**WORK ITEM:** Images are not wanted; transcribe the rest of the listing exactly.

**DATA BLOCK:**
<<<<
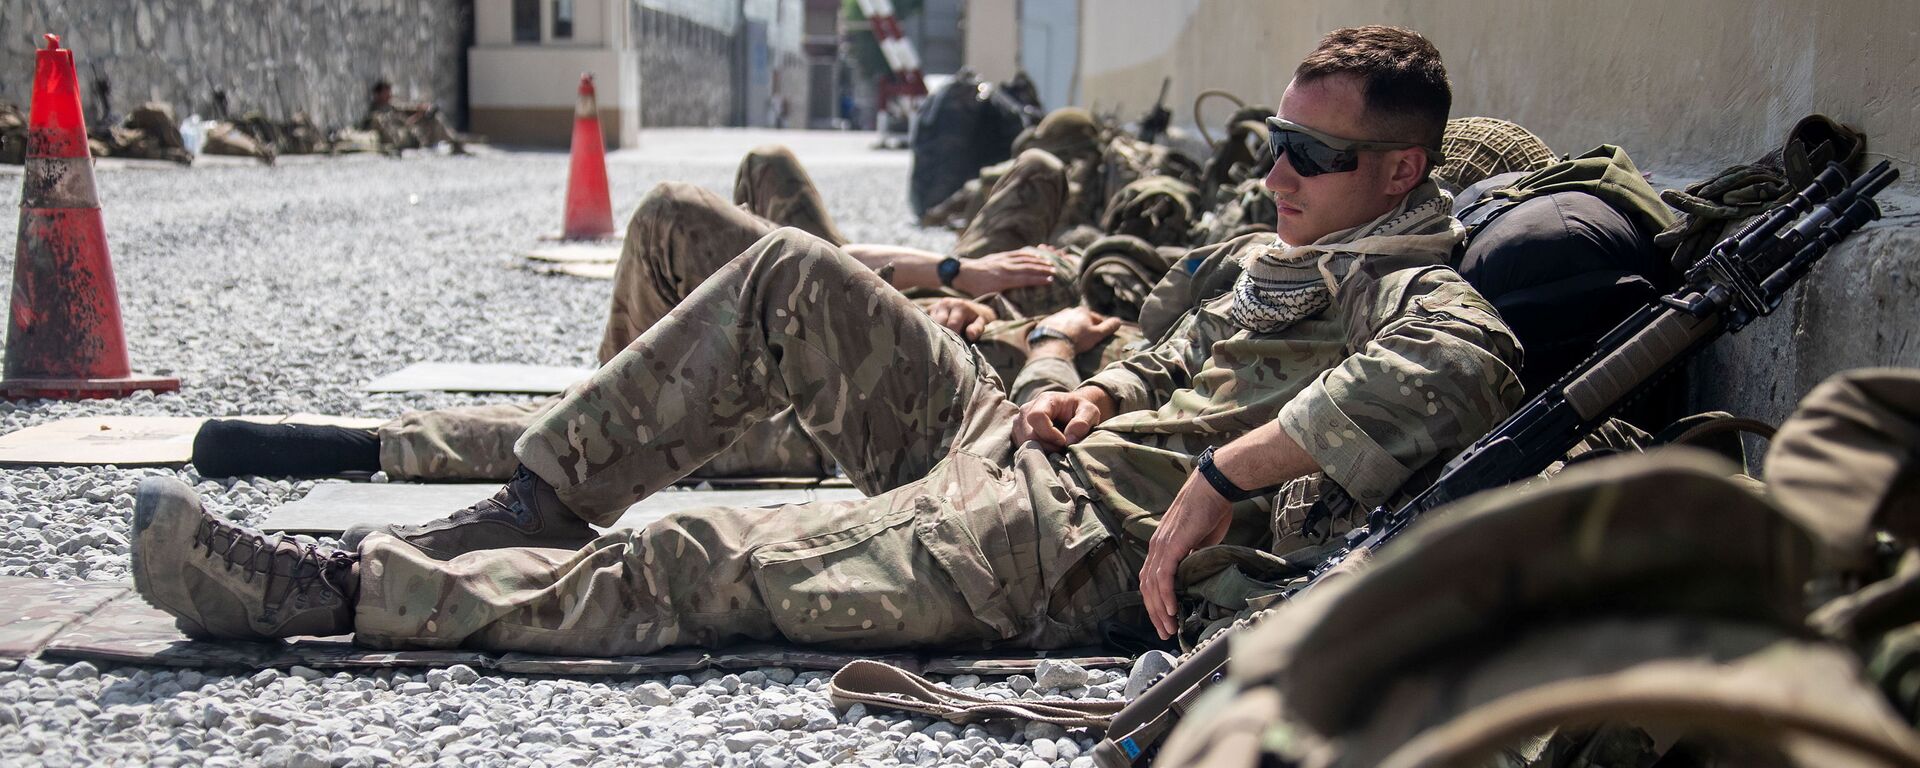 Members of the UK Armed Forces rest as they continue to take part in the evacuation of entitled personnel from Kabul airport, in Kabul, Afghanistan,19-22 August 2021, in this handout picture obtained by Reuters on 23 August 2021 - Sputnik International, 1920, 27.08.2021
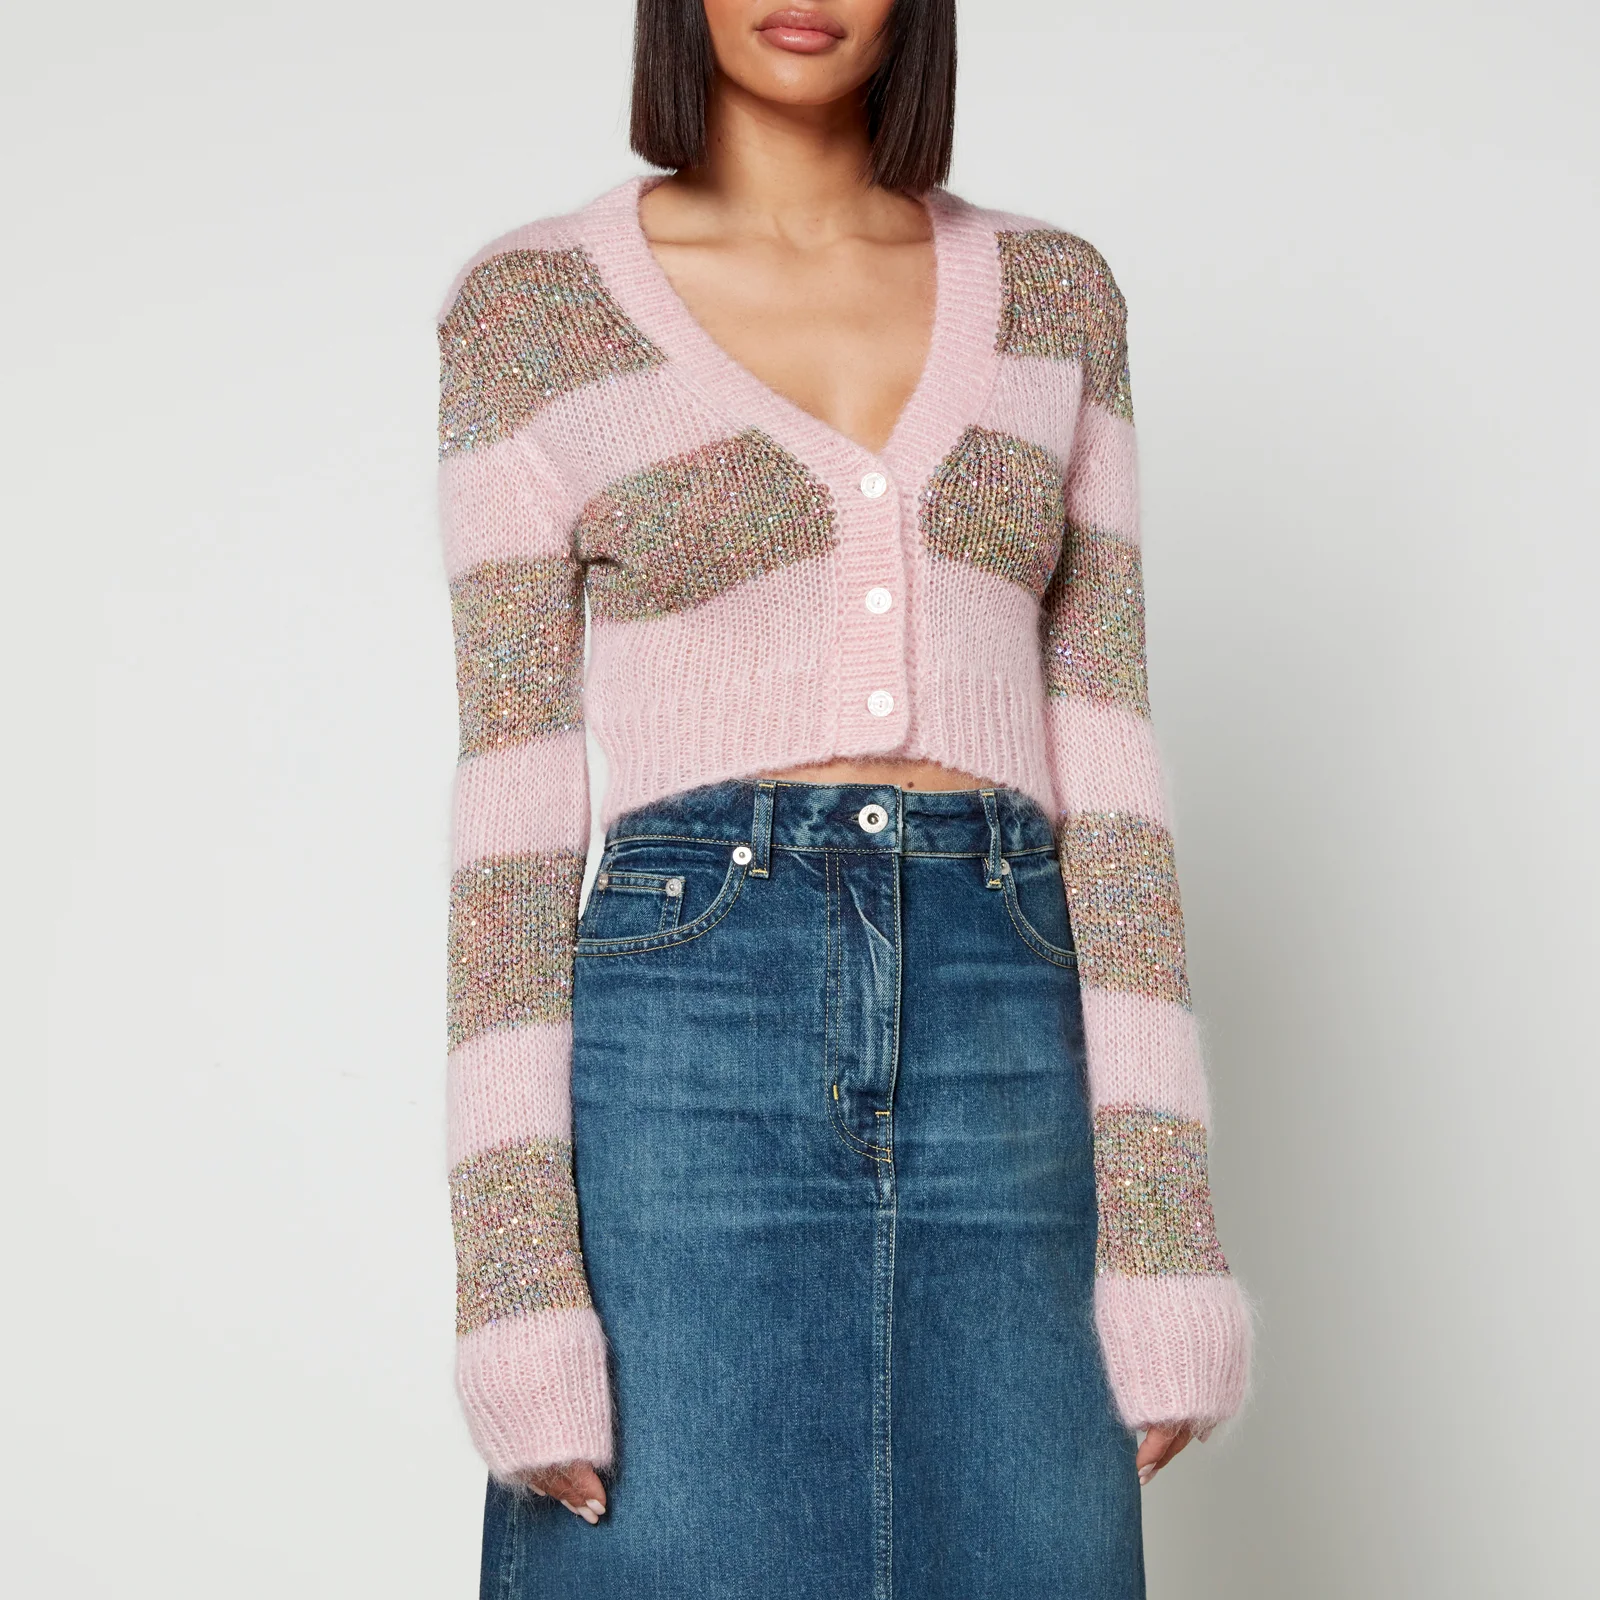 Marni Cropped Sequined Striped Knitted Cardigan Image 1
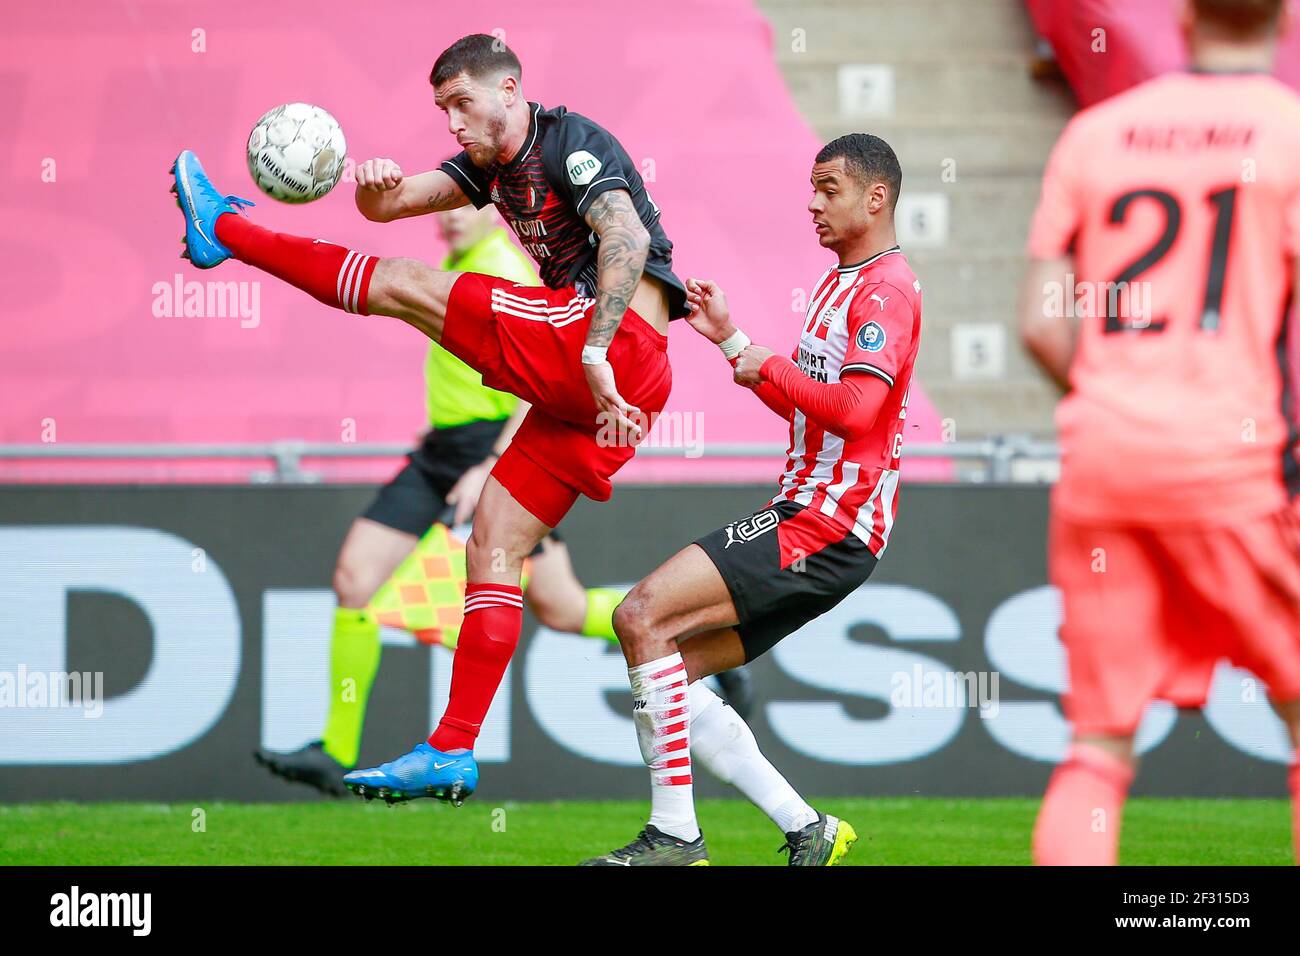 Eindhoven Netherlands March 14 Marcos Senesi Of Feyenoord And Cody Gakpo Of Psv Eindhoven During The Dutch Eredivisie Match Between Psv And Feyeno Stock Photo Alamy
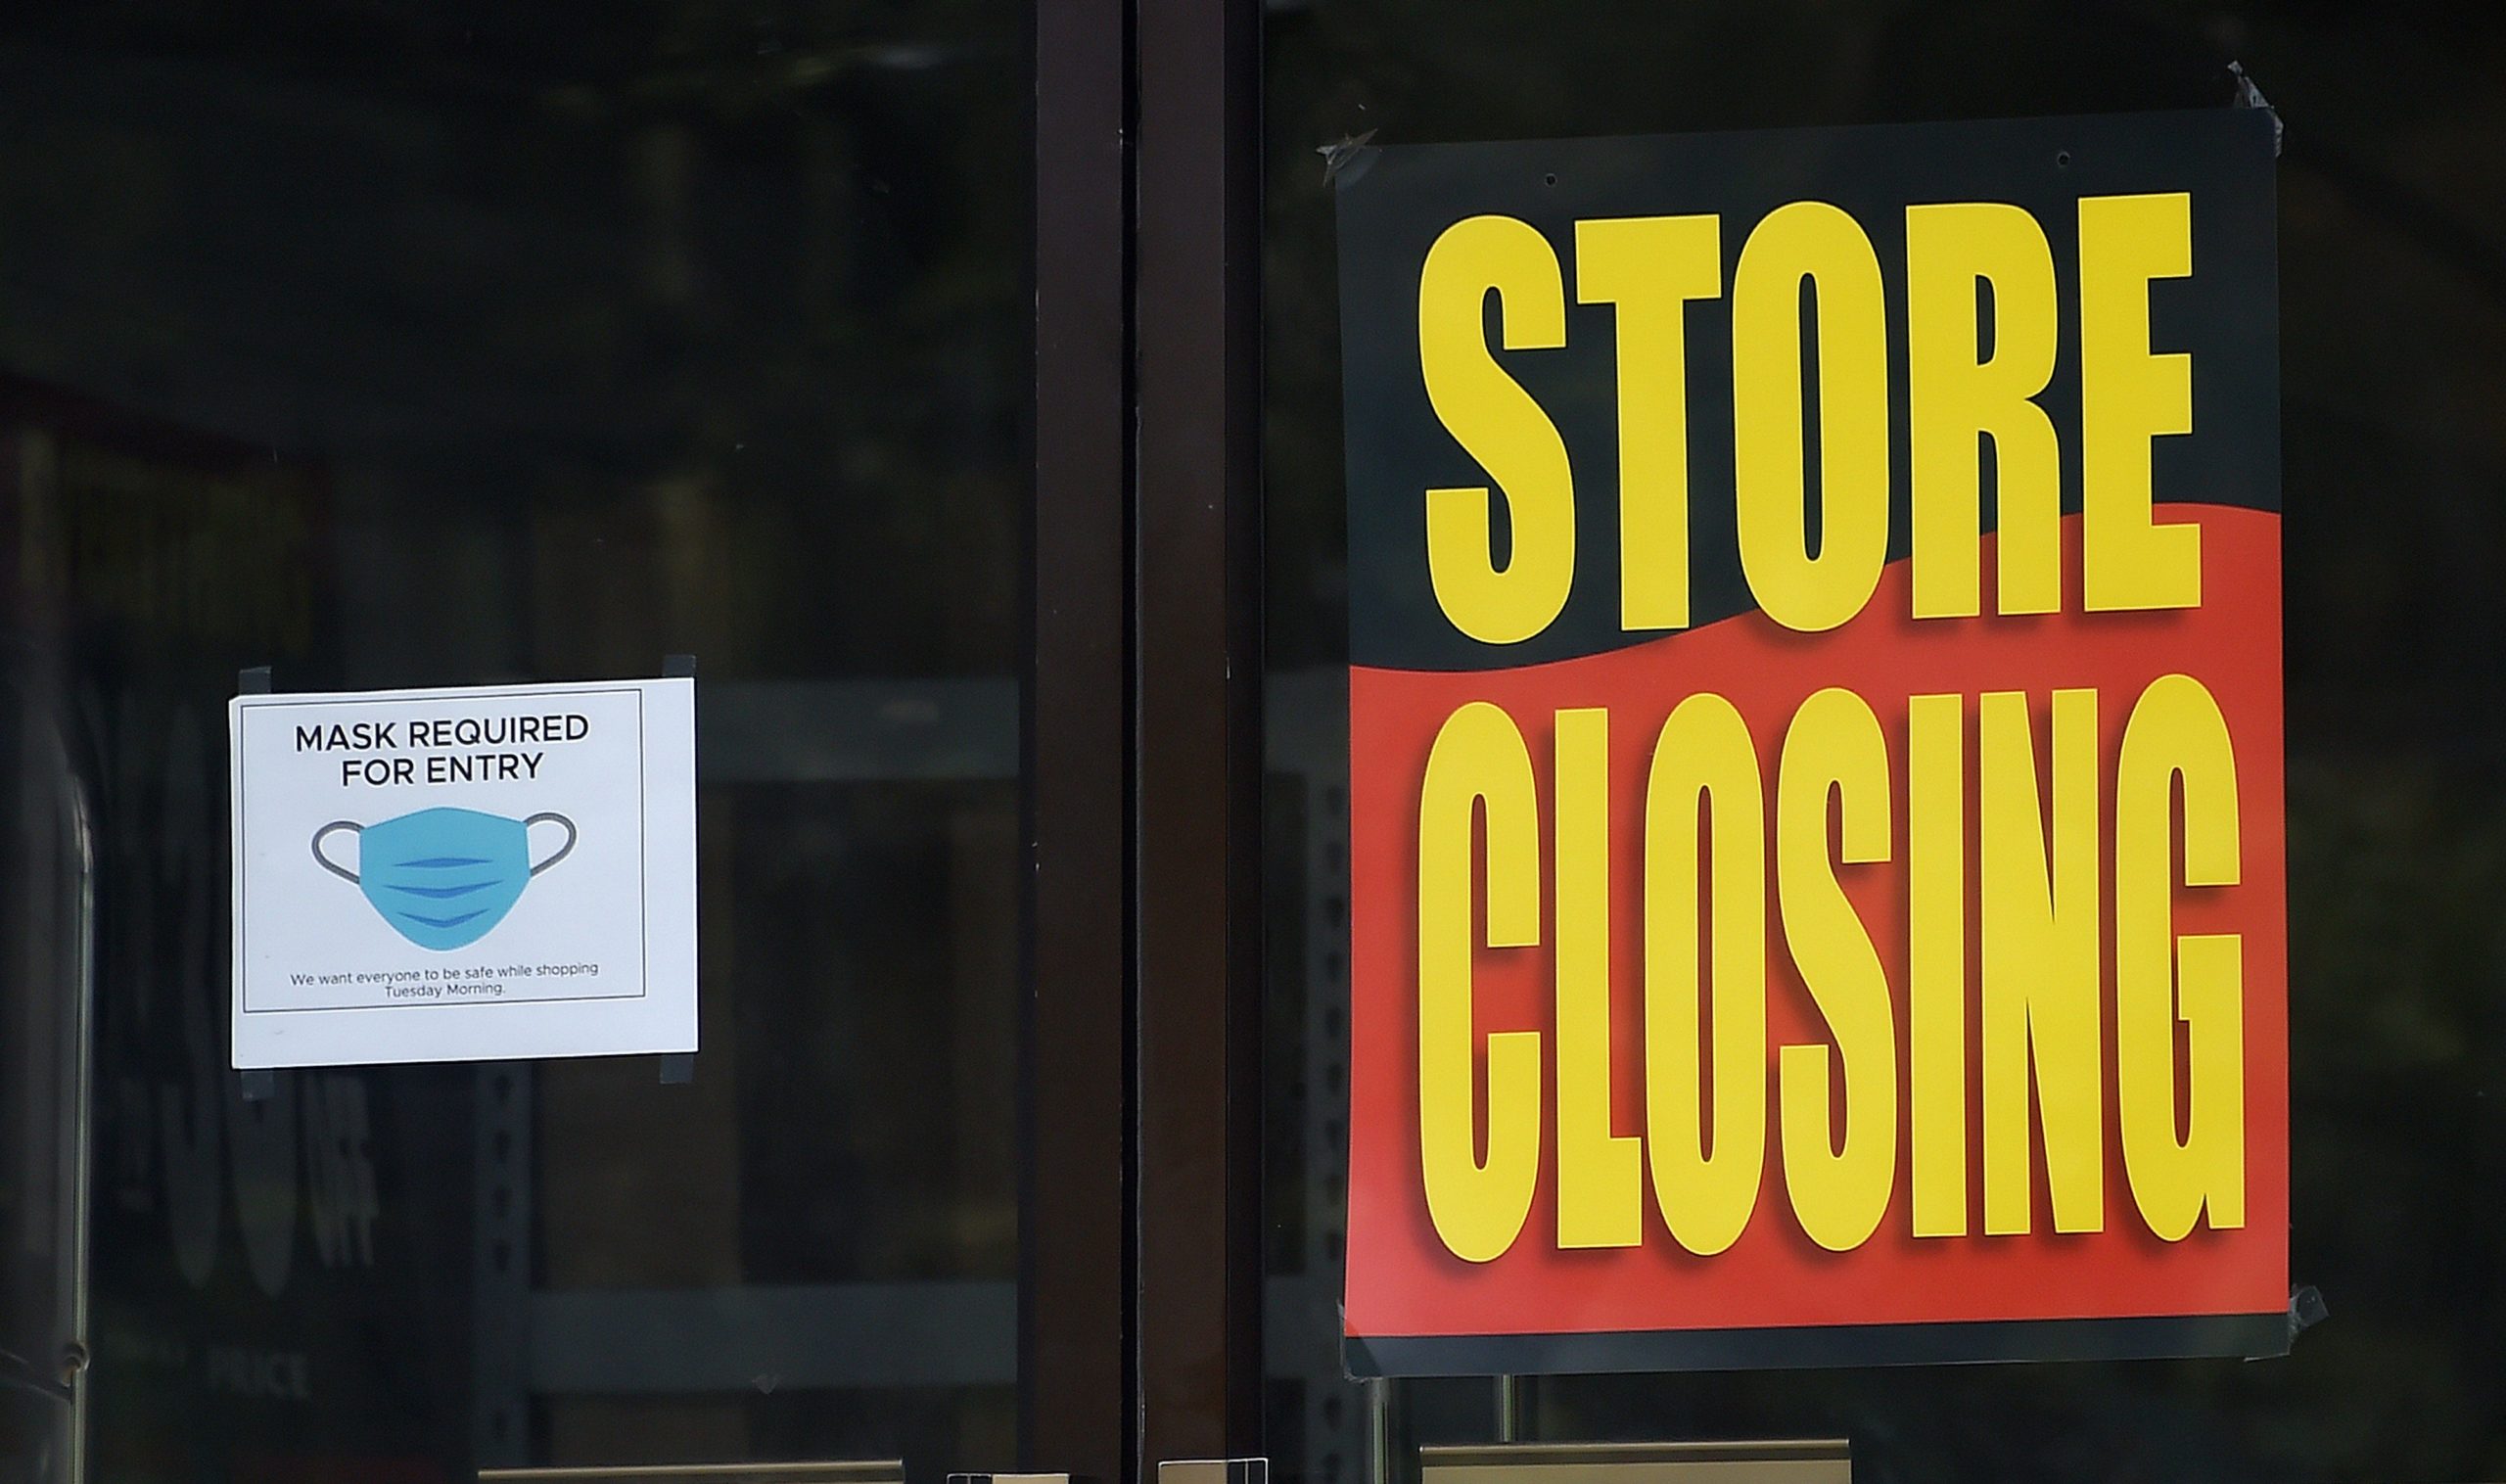 A store displays a sign before closing down permanently as more businesses feel the effects of stay-at-home orders amid the coronavirus pandemic, on June 16, 2020 in Arlington, Virginia. (Photo by Olivier DOULIERY / AFP) (Photo by OLIVIER DOULIERY/AFP via Getty Images)
>>>>
**EXERCISE ANSWER:**
 Members of the UK Armed Forces rest as they continue to take part in the evacuation of entitled personnel from Kabul airport, in Kabul, Afghanistan,19-22 August 2021, in this handout picture obtained by Reuters on 23 August 2021 - Sputnik International, 1920, 27.08.2021
 Marni Cropped Sequined Striped Knitted Cardigan Image 1
 Eindhoven Netherlands March 14 Marcos Senesi Of Feyenoord And Cody Gakpo Of Psv Eindhoven During The Dutch Eredivisie Match Between Psv And Feyeno Stock Photo Alamy
 A store displays a sign before closing down permanently as more businesses feel the effects of stay-at-home orders amid the coronavirus pandemic, on June 16, 2020 in Arlington, Virginia. (Photo by Olivier DOULIERY / AFP) (Photo by OLIVIER DOULIERY/AFP via Getty Images)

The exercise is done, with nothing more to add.